\u3000\u3 Guangdong Shaoneng Group Co.Ltd(000601) 567 Ningbo Sanxing Medical Electric Co.Ltd(601567) )
On April 25, 2022, the company released the annual report of 2021 and the first quarterly report of 2022. In 2021, the operating revenue was 7.023 billion yuan, a year-on-year decrease of 0.98%, the net profit attributable to the parent was 690 million yuan, a year-on-year decrease of 27.83%, and the net profit not attributable to the parent was 519 million yuan, a year-on-year decrease of 25.86%.
In the single quarter of Q1 in 2022, the operating revenue was 1.982 billion yuan, a year-on-year increase of 42.77%, and the net profit attributable to the parent was 164 million yuan, a year-on-year decrease of 3.23%, deducting 202 million yuan of non attributable net profit, a year-on-year increase of 40.63%.
In 2021, the power business was under short-term pressure, and the business trend was good in 2022q1.
In 2021, the revenue of intelligent power distribution business was 5.383 billion yuan, with a year-on-year increase of 1.39% and a gross profit margin of 24.06% (a decrease of 5.28 percentage points), mainly due to the tight supply of chips, bulk and other raw materials and rising prices in 2021. In 2021, the revenue of the medical service sector was 1.370 billion yuan, a year-on-year decrease of 0.93%, and the gross profit margin was 20.74%, of which the profit of Ningbo Mingzhou hospital was about 866198 million yuan, the non net profit of Hangzhou Mingzhou Kangfu was 387595 million yuan, and the non net profit of Nanchang Mingzhou Kangfu was 9.8844 million yuan. The income from financial leasing business was 158 million yuan, a year-on-year decrease of 47.85%, mainly because the company took the initiative to reduce the scale. In 2022q1, there were sufficient orders on hand in the intelligent power distribution and consumption sector, with a year-on-year increase of 53%, and the revenue of the medical service sector increased by 26%.

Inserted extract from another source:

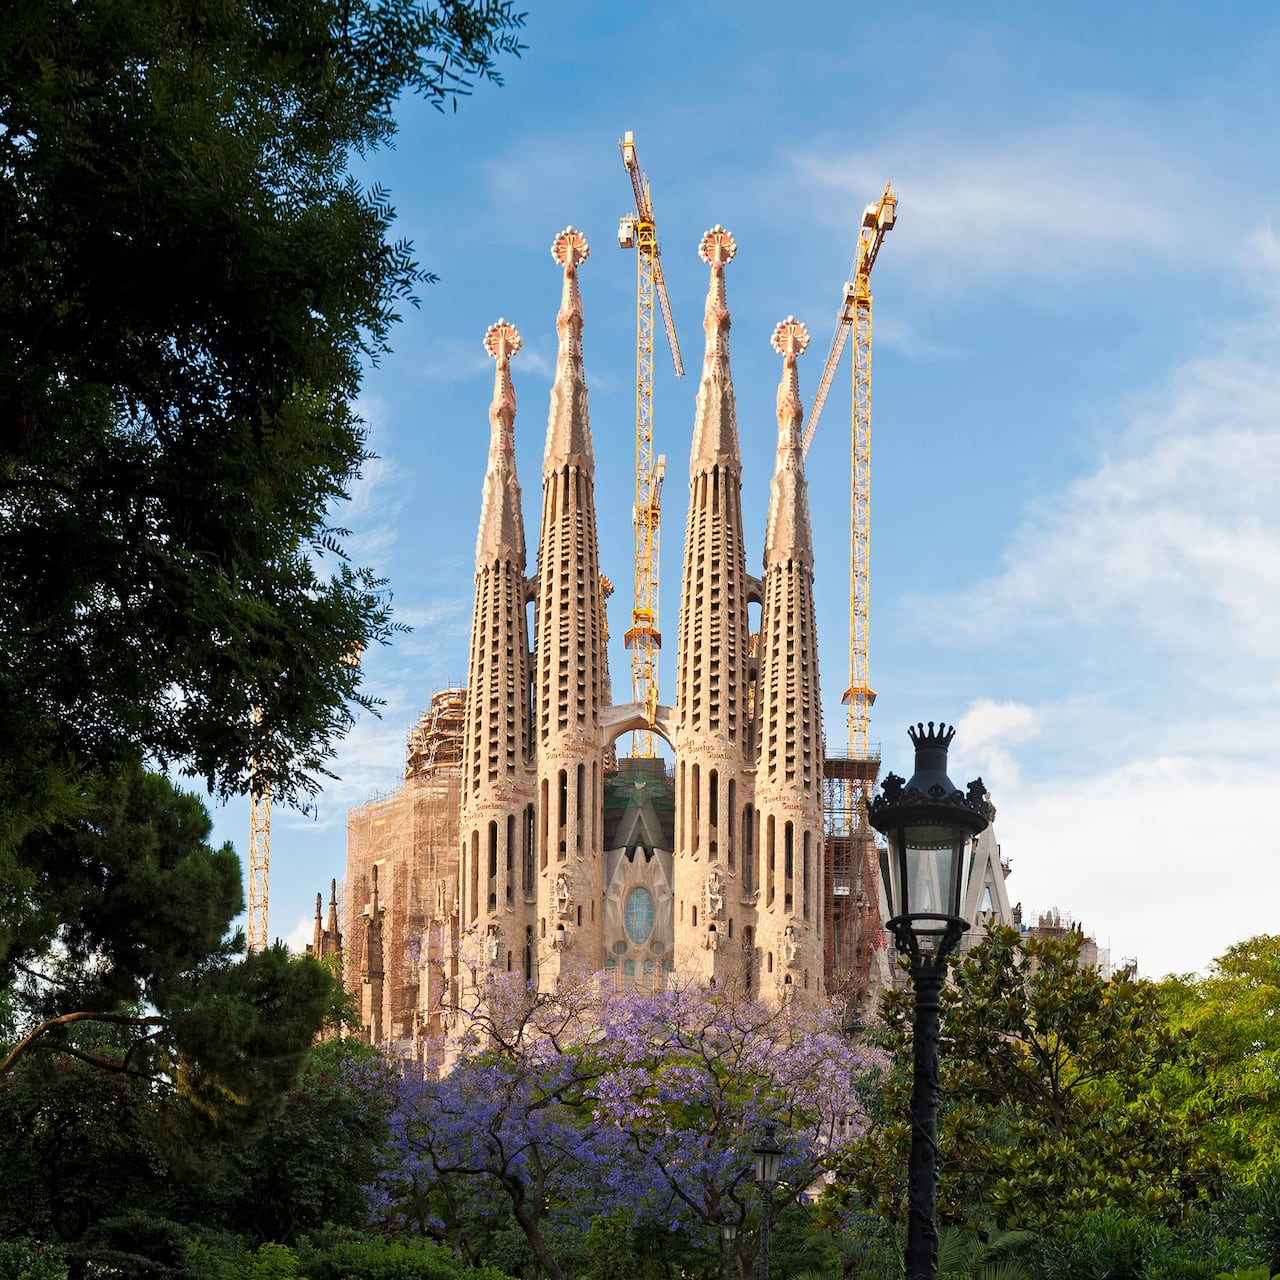 The whimsical spires of Gaudí's Sagrada Família in Barcelona loom above the treetops

Smart power distribution business has sufficient orders in hand and seizes the dual development opportunities of China and abroad.
In 2021, the company’s orders on hand totaled 6.707 billion yuan, a year-on-year increase of 26.58%, of which China’s orders on hand totaled 4.553 billion yuan, a year-on-year increase of 21.32%; Overseas orders on hand totaled 2.154 billion yuan, a year-on-year increase of 39.60%. According to the power equity incentive, the deduction of non net profit from the performance assessment target of intelligent power distribution and utilization in 20222024 shall not be less than 591 / 772 / 1 billion yuan.
The expansion of rehabilitation M & a continued to expand and further expand its leading edge.
In 2021q1, the revenue of medical services sector increased by 26% year-on-year, and the M & A and expansion of rehabilitation hospitals continued to advance. In 2021, the company completed the acquisition of 84% equity of Hangzhou Mingzhou Naokang rehabilitation hospital and 85% equity of Nanchang Mingzhou rehabilitation hospital. On April 22, 2022, the extraordinary general meeting of shareholders approved the 100% equity of five rehabilitation hospitals including Nanjing Mingzhou rehabilitation hospital, and the merger and expansion continued. According to the equity incentive assessment objectives, the listed company will add 10 hospitals every year in the next 22-24 years, and is expected to reach 35 by 2024, further expanding its leading edge.
Profit forecast and investment rating
Taking into account the company’s reduction in the scale of financial leasing business, we reduced the company’s operating revenue from 2022 to 2024 to RMB 8814 / 111.92/14.149 billion (the previous value was RMB 9692 / 11.098 billion in 22-23 years), with a year-on-year increase of 25.50% / 26.98% / 26.43%. Without considering the impact of equity incentive expenses, it is estimated that the net profit deducted from non parent company is RMB 932 / 12.09/1.533 billion (the previous value was RMB 960 / 1.171 billion in 22-23 years). The intelligent power distribution business has sufficient orders in hand, which lays the cornerstone of performance. The M & A expansion of rehabilitation continues to advance, and the chain rehabilitation has great potential to maintain the “buy” rating of the company.
Risk tips: the risk of repeated covid-19 epidemic, the risk of less than expected policy implementation, the risk of fluctuations in the performance of intelligent power distribution, the risk of less than expected performance of medical services, and the risk of less than expected M & A.